In 2018 the real estate market is forecast to carry on its positive growth path or at least remain stable as seen in 2017. The affordable housing market segment, with 1-2 bedroom units at the price of approximately VND1 billion ($44,000) apiece, is expected to be the main lead of the market this year.

The high-end segment, on the other hand, will go through massive restructuring in a bid to meet the market demand (as in the case of Vingroup and its high-end product Vincity). Meanwhile, the condotel and landed property segments are also predicted to grow rapidly.

Factors that will affect the real estate market this year include a pilot resolution recently passed by the National Assembly aimed for the specific development of Ho Chi Minh City and the city itself has put 19 programmes in place to develop a smart city.

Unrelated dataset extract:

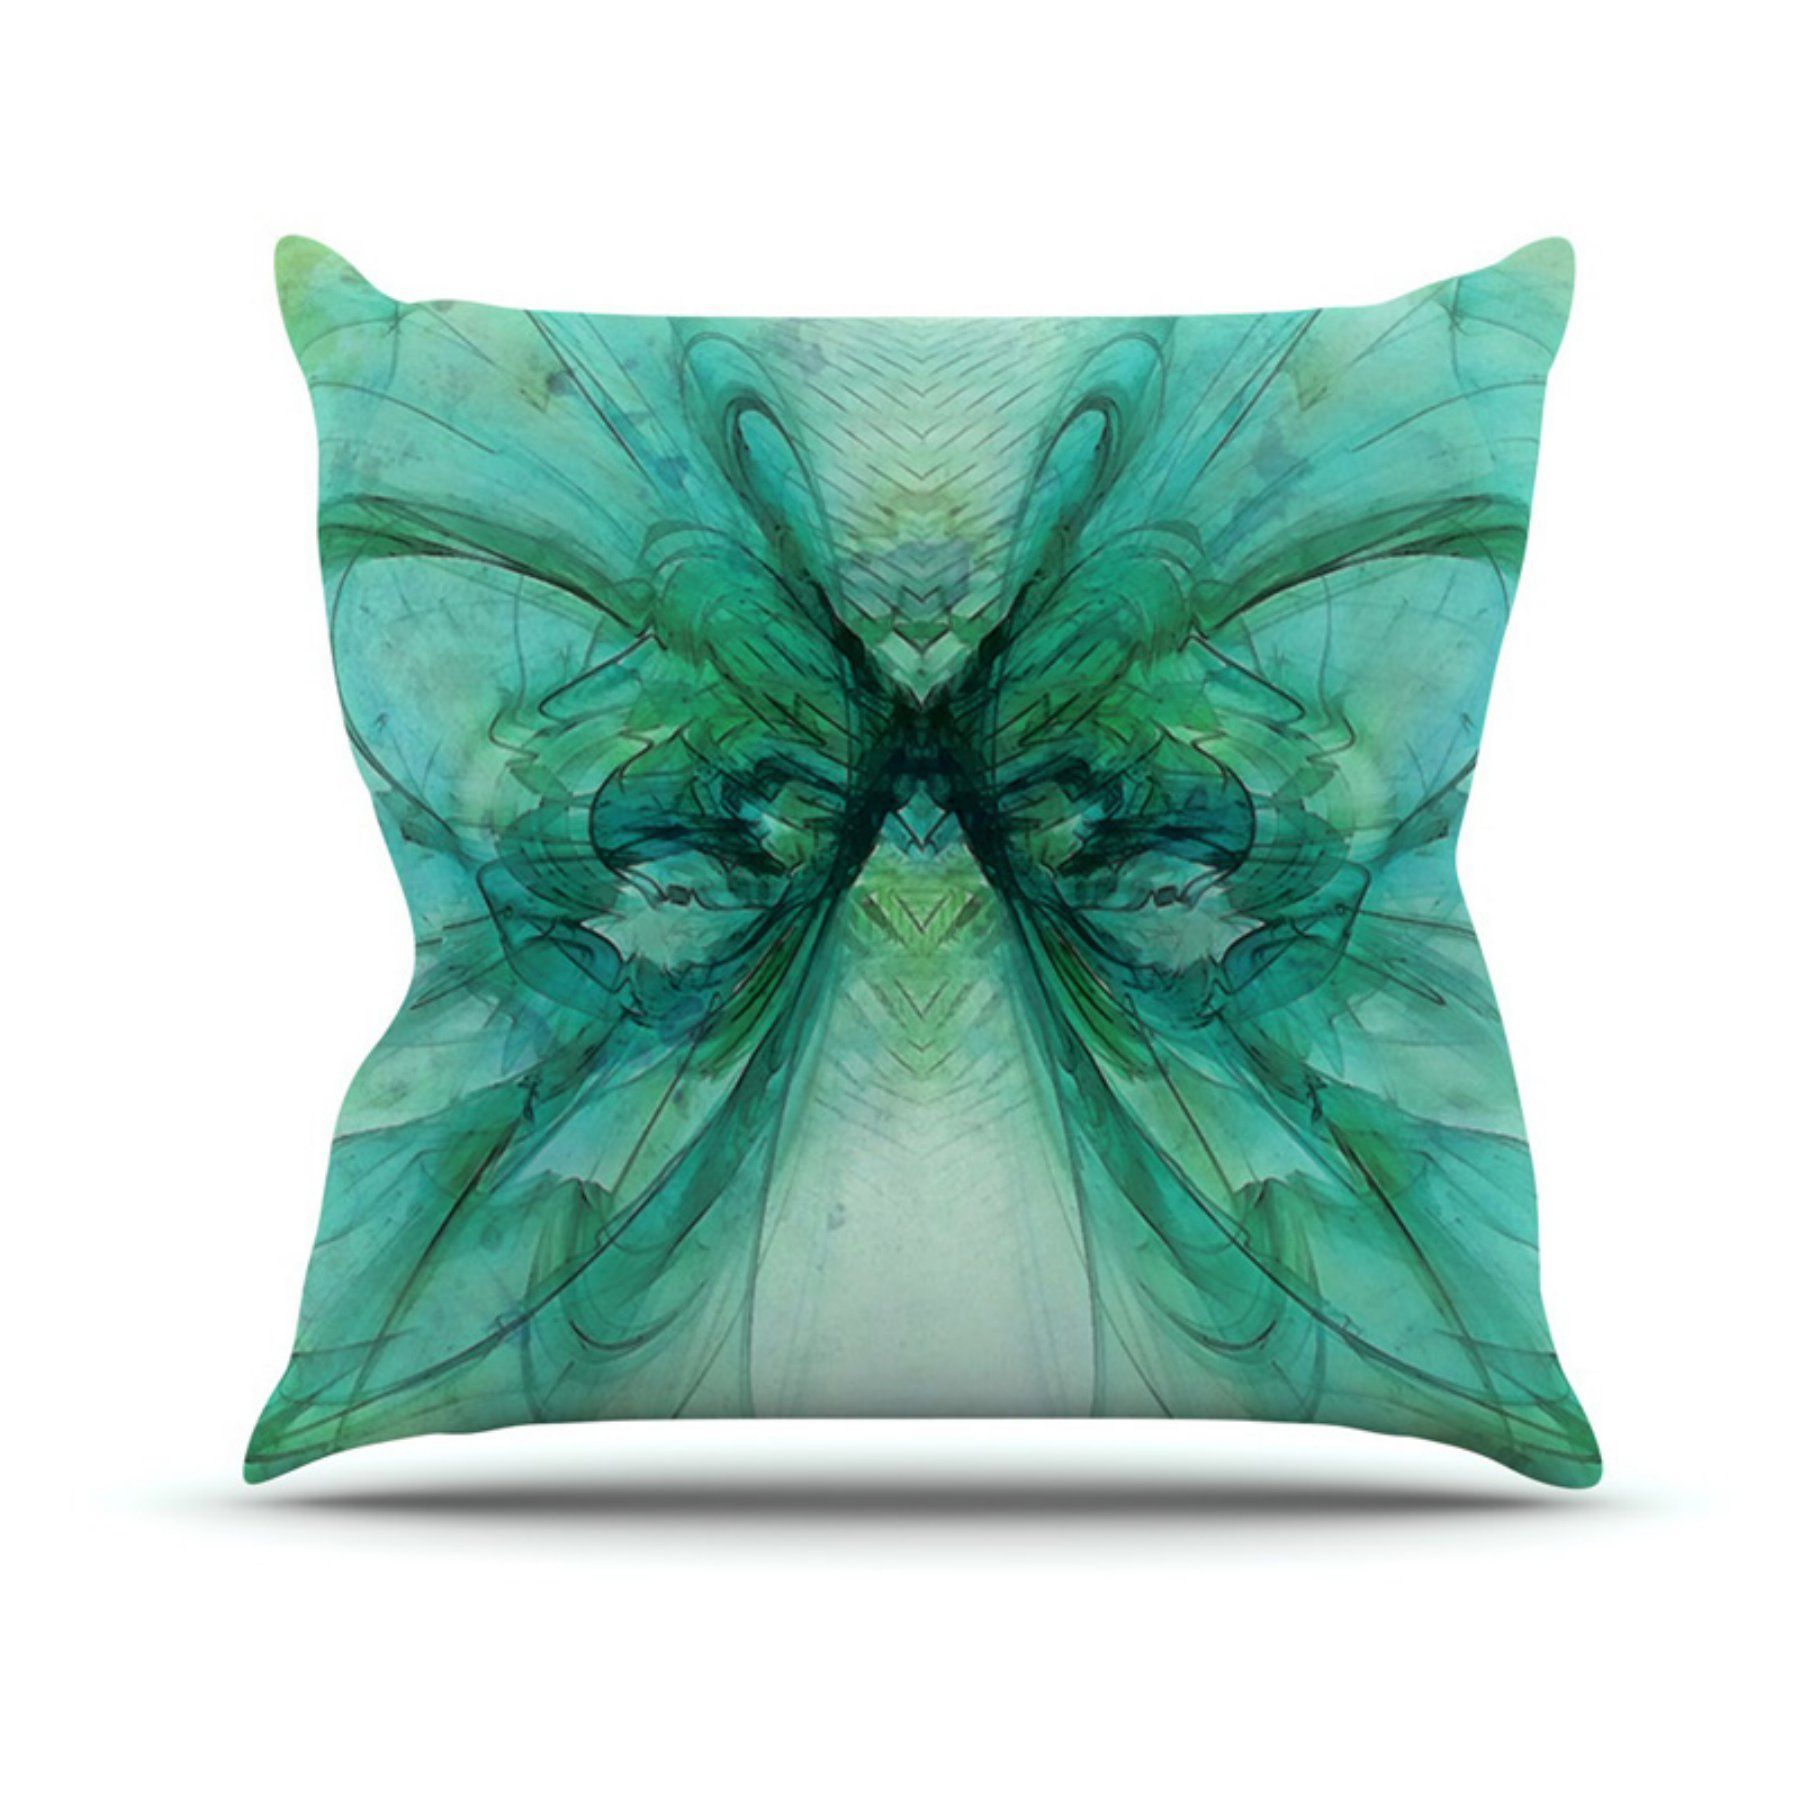 Kess inhouse alison coxon butterfly indooroutdoor throw pillow

During the period of 2018-2020 the real estate market will continue addressing the supply and demand gap to promote the sustainability of the market in the long term. The gap will be narrowed in a way that more affordable properties are to be built to meet the demand of mid- and low-income earners.

The city is seeking to reassign a third of its land bank designated for agricultural purposes to industrial and residential use. These land areas will then be utilised in developing Ho Chi Minh City into a smart city. The expansion of the city will run through the northwest, becoming the basis for the further development of the real estate market in the medium to long run.

Ho Chi Minh City has a total population of 13 million, three million of whom are migrants from other cities and provinces. The middle-income class is growing rapidly and the GDP per capita is expected to reach $9,800 by 2020, which will in turn boost the demand for residential properties.

The increasing population and the interconnected infrastructure system in the city have led to the expansion of the local real estate market, which now goes beyond the border of the city, extending to the neighbouring provinces, such as Dong Nai, Binh Duong, Long An, and Ba Ria-Vung Tau.

It is also worthwhile to note that a trend of co-operation between real estate enterprises has emerged lately. M&A transactions are anticipated to grow tremendously as a result. Also, thanks to the resolution on resolving bad debts as well as strong FDI and remittance flows into the property sector, the finances needed for the sector’s development are rather plentiful.

Industry 4.0, together with the Internet of Things, artificial intelligence, and green property development are the new trends that property investors and developers ought to take note of to meet the demand of the new generation.

On the note of a property bubble, we believe such an event is unlikely to happen this year as there is timely and effective monitoring by the government to keep things from going ugly.

Through the experience of the past property crises, all stakeholders are smarter now: from the government to investors, property developers, banks, and last but not least, homebuyers themselves.